Strong social ties buffer stress, encourage healthier behaviors, and provide practical support during illness. Communities with higher levels of trust and civic participation tend to have better health outcomes even after controlling for income and education. This is why public health experts increasingly treat social connection not as a “nice to have” but as a core health resource.

Healthcare Access and Quality

This domain covers whether people can actually get care when they need it. Insurance status is the most obvious barrier, but geography matters too. Rural communities often lack specialists, mental health providers, and even primary care clinics. Language barriers, transportation gaps, and distrust of the medical system all reduce the likelihood that someone will seek care early enough to prevent serious illness.

Notably, healthcare access is just one of the five SDOH domains, and clinical care accounts for only about 16 to 20 percent of variation in health outcomes. That does not make medical care unimportant. It means that expanding insurance coverage or building more clinics, without also addressing housing, income, and education, will only move the needle so far.

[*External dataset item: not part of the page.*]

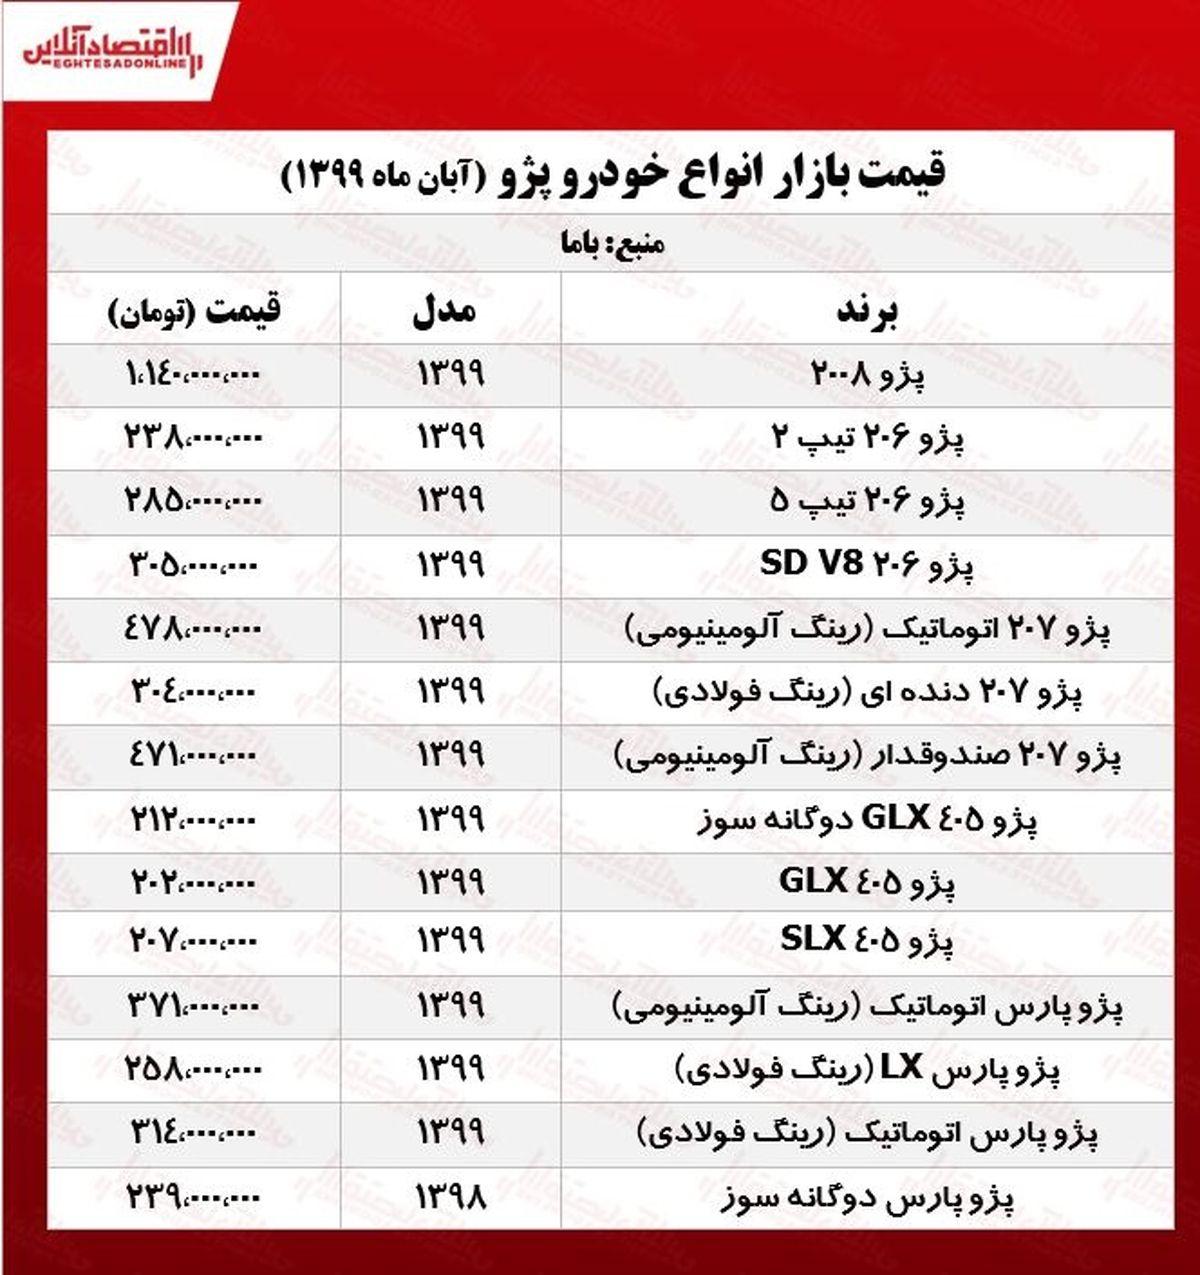 قیمت انواع پژو در بازار آزاد +جدول

How Social Conditions Get Under the Skin

The connection between social disadvantage and poor health is not just behavioral. There is a direct biological pathway. When people face chronic stressors, such as financial strain, unsafe housing, discrimination, or food insecurity, the body’s stress response systems stay activated far longer than they should. The nervous system, hormonal systems (particularly the one that produces cortisol), and the immune system all react to ongoing threat.

Over time, this sustained activation leaves what researchers call a “physiologic stamp” on the body. Stress hormones remain elevated, inflammatory markers increase, and the cardiovascular system takes cumulative damage. This wear and tear makes the body less able to adapt to future stressors, creating a cycle where disadvantage compounds biologically. People in lower socioeconomic groups experience greater chronic stress exposure, which helps explain why poverty correlates so strongly with conditions like heart disease, stroke, and diabetes, even when behavioral factors like smoking and diet are accounted for.

Screening for Social Needs in Healthcare

Healthcare systems have increasingly begun asking patients about their social circumstances during routine visits. At least 17 standardized screening tools exist for this purpose, ranging from 9 to 37 questions and covering topics like housing stability, food access, transportation, financial strain, and social isolation. Some are designed for general adult populations, others specifically for older adults or pediatric settings, and they vary in reading level from 2nd grade to college level.

The goal of screening is to identify patients whose health problems are being driven or worsened by social factors, and then connect them with community resources like food banks, housing assistance, or legal aid. This approach reflects a broader shift in how health systems think about their role. Rather than treating only the medical symptoms that walk through the door, some systems are beginning to address the upstream conditions that created those symptoms in the first place.

SDOH as a Policy Framework

The World Health Organization’s Commission on Social Determinants of Health laid out three overarching recommendations: improve daily living conditions, tackle the inequitable distribution of power, money, and resources, and measure the problem to assess the impact of action. These recommendations frame health as a product of nearly every policy domain, not just healthcare.

This idea is formalized in an approach called Health in All Policies, which asks governments to evaluate how decisions about transportation, housing, urban planning, agriculture, taxation, and education affect population health. A new highway route, a zoning decision, a school funding formula: each of these shapes health outcomes years or decades later. Socioeconomic factors alone may account for 47 percent of health outcomes, while the physical environment contributes about 3 percent and health behaviors about 34 percent. The implication is clear: the most effective health interventions often happen outside of hospitals and clinics entirely.